Tuesday, June 10, 2008

Integrity and The Power of NO!

A few weeks ago my life coach and I were discussing the meaning of the word “Integrity” and what it means to different people.

Most people define not having it as lying, stealing, cheating, etc. While these things may in fact represent a lack of integrity, the focus of our conversation was to “Be impeccable with your word” as Don Miguel Ruiz so eloquently puts it in his book The Four Agreements.

We also discussed the importance of communicating our true thoughts and feelings rather than telling others what we “assume” they want to hear. Many times those of us who are struggling with this issue will say anything, in order to spare another person’s feelings or save face. This struck a very deep chord within me.

This was one of the most challenging areas I had to work through in my life. It has cost me marriages, relationships and a couple of businesses.In my former life, I was also known as the “yes” woman.

I can probably write a whole book on the subject. In fact, I probably will someday. The bottom line is, I always felt that I would never be truly accepted if I did not try my best to please everyone around me.

I can remember when Pleasing people was the center of my life. In fact, I even took it a step further when I took it on as a profession and first opened my Metaphysical healing and EFT practice.

Whether that meant taking on more pro-bono clients than I could afford, allowing friends to borrow money that I did not really have, or allowing my old businesses to take a direction that I was not in agreement with in order not to rock the boat with my former business partner, etc.
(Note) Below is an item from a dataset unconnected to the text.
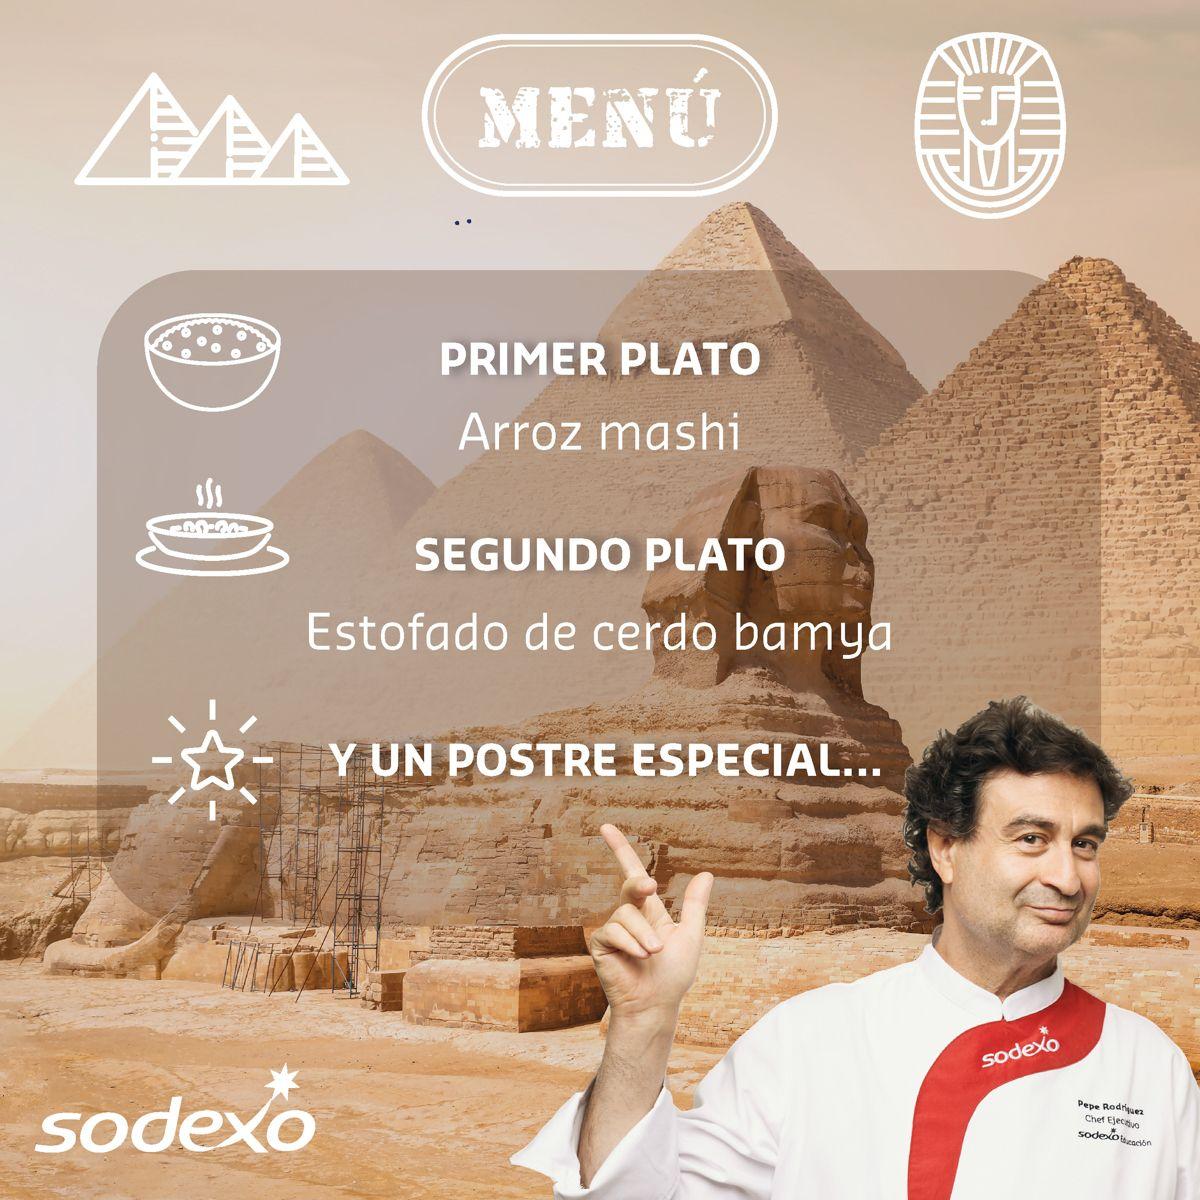 jornada-gastronomica-egipto

Sometimes I even made promises I consciously knew I could not keep. Somehow I felt like I did it in order to spare the other person’s feelings. This made me feel better by feeding a “false sense of nobility”. My entire self-image was based upon what I now refer to as Mother Teresa Complex.

We live in a Universe that moves based on cause and effect, there are no exceptions. Each time we break a promise to ourselves or to others we wind up and feeling terrible and somehow need to come up with some sort of a justification for not following through.

For me personally, what it came down to was drowning out my “inner voice” and forsaking my true power in order to appease my ego-identified self. By acquiescing to what I deemed that other people expected of me, I rendered myself powerless as it was not in line with my higher consciousness.

The conundrum is the initial false sense of moral superiority that comes from being the “rescuer” that eventually leads to a sense of moral inferiority. At first the dialogue in ones head may sound like…. “I am so generous; that I am willing to sacrifice myself in order to help others”. Later “Why did I agree to do this, I know I don’t have enough time” etc etc…

It’s easy in retrospect to see how incredibly egoistic and out of integrity that is for anybody. The point here is not to come from a place of judgment, but rather to become aware of these patterns. When we bring things to light, we can then dismantle the pattern.

Saying “no” or not being able to grant a request that someone we deeply care about is making of us is okay. When we begin to grow spiritually and to embrace our greatness when we release our need to please others. In order to align ourselves with our true greatness (and we are all great), there must be integrity, or congruency between mind, body and spirit.

It is imperative to begin by keeping our word to ourselves. When we begin to explore the possibility of saying “no” it allows us to take responsibility for ourselvelves and at the same time, we free those around us.

Integrity is one of the keys to a successful life.

We may not be able to please everyone, all the time but if we come from a place of integrity, we will be okay no matter what the outcome of the situation and that’s what I call FREEDOM!

Lesson of the week: Be impeccable with your word: Say what you mean and mean what you say. Affirmation: I am willing to release my need to say yes and I now embrace the power of NO.